Salted Peanuts in The Big Easy

Ruta Sepetys may be best known for Between Shades of Grey (a story about art and refugees, not bondage and sex), but her more recent Out of the Easy is worth just as much attention.

Set in the year 1950, in the French Quarter of New Orleans, the story follows Josie, the teenaged daughter of a prostitute. More than anything, Josie wants to escape the life that she’s been dropped into; she dreams of finding her father, and maybe even going to Smith College in Massachusetts. The darling of the Quarter, everyone wants her to succeed–from the brothel madam and her driver to the mentally ill bookshop owner and his son who have adopted her as their own. But as Josie’s mother gets involved with the mob, Josie finds herself in a dangerous position.

Call me crazy, but I kind of got a Great Gatsby meets Downton Abbey vibe off of this book. Now, now, hear me out. Josie’s “green light on the water” takes shape in her desire for a father (which she pins on the upstanding Forrest Hearne) who can whisk her away from her gritty life in New Orleans. It’s not the same as Gatsby’s longing for Daisy, I grant you, but the longing is there. As for Downton, the Uptown/Downtown standards of living in Sepetys’ New Orleans parallel the upstairs/downstairs dynamic of the period drama.

Josie often makes the wrong choices for the right reasons, and I love that about her.

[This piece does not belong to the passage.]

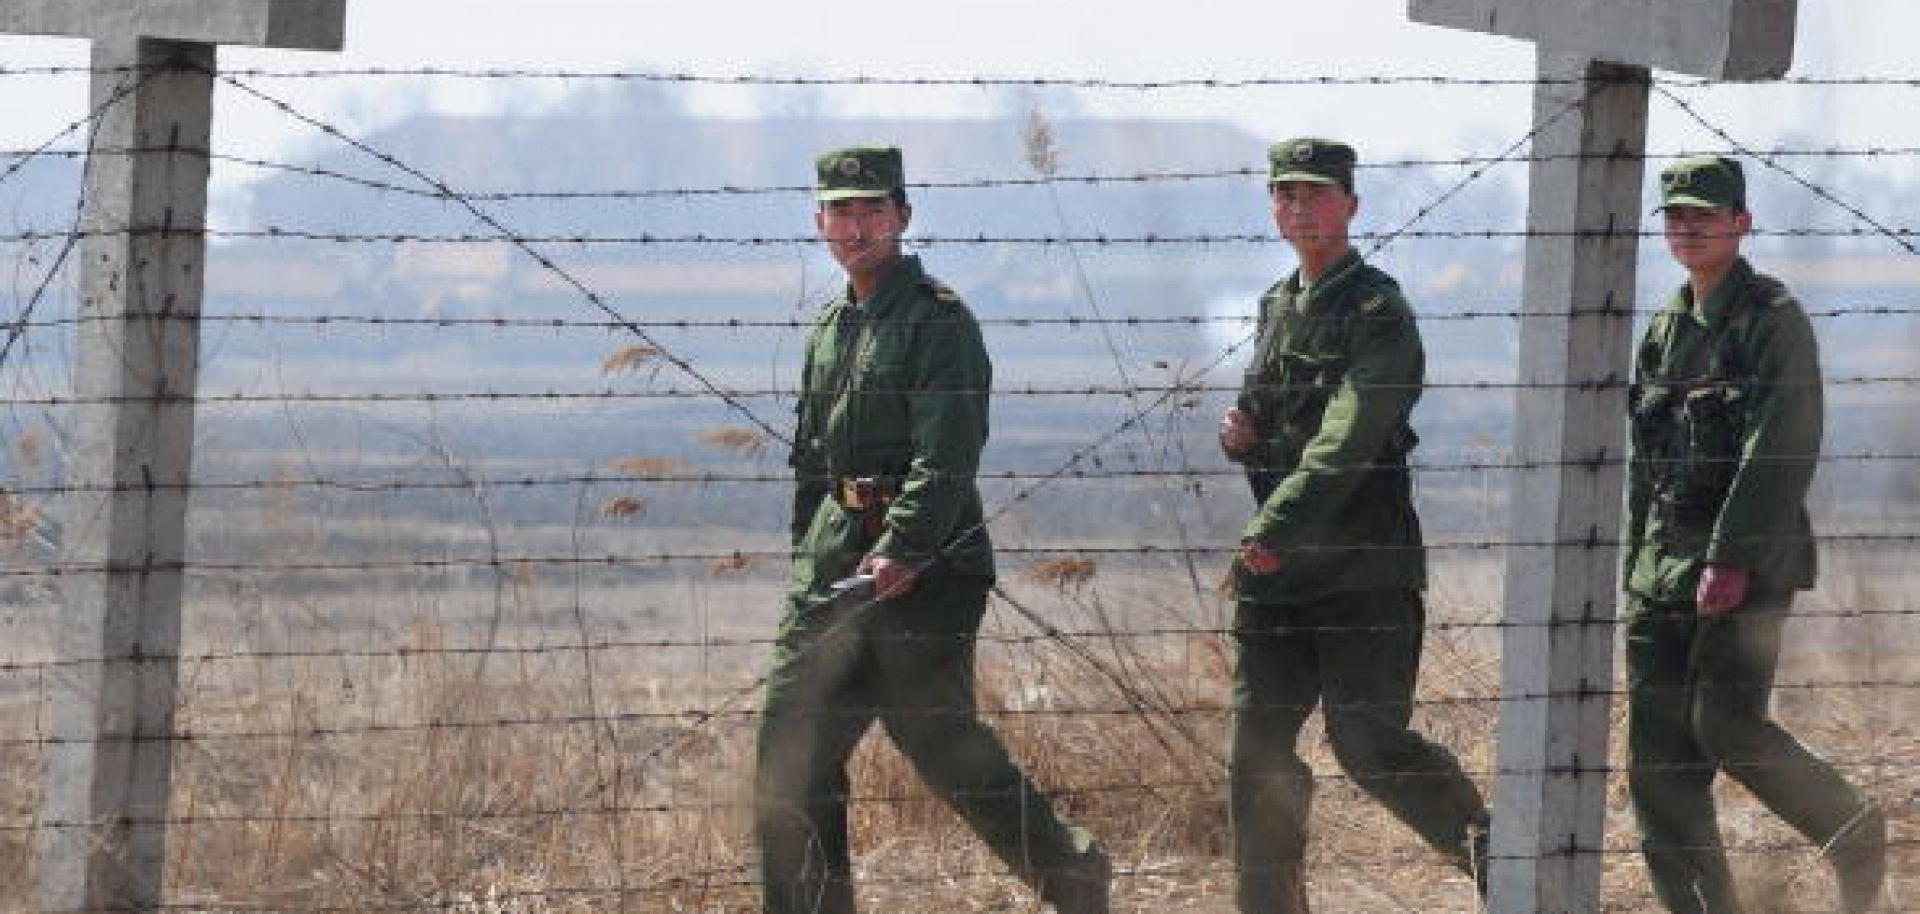 Chinese soldiers patrol the North Korea-China border on April 5, 2009

She’s real: “salted peanuts,” a spitfire that’s good with a shotgun. She illustrates the lengths that we, as humans, are willing to stretch to when we’re desperate–but, even more than that, she sees where she’s headed and knows when to stop. Josie reminds us that, sometimes, our parents teach us exactly what we don’t want to be, and that’s okay. She had me hanging on until the last word.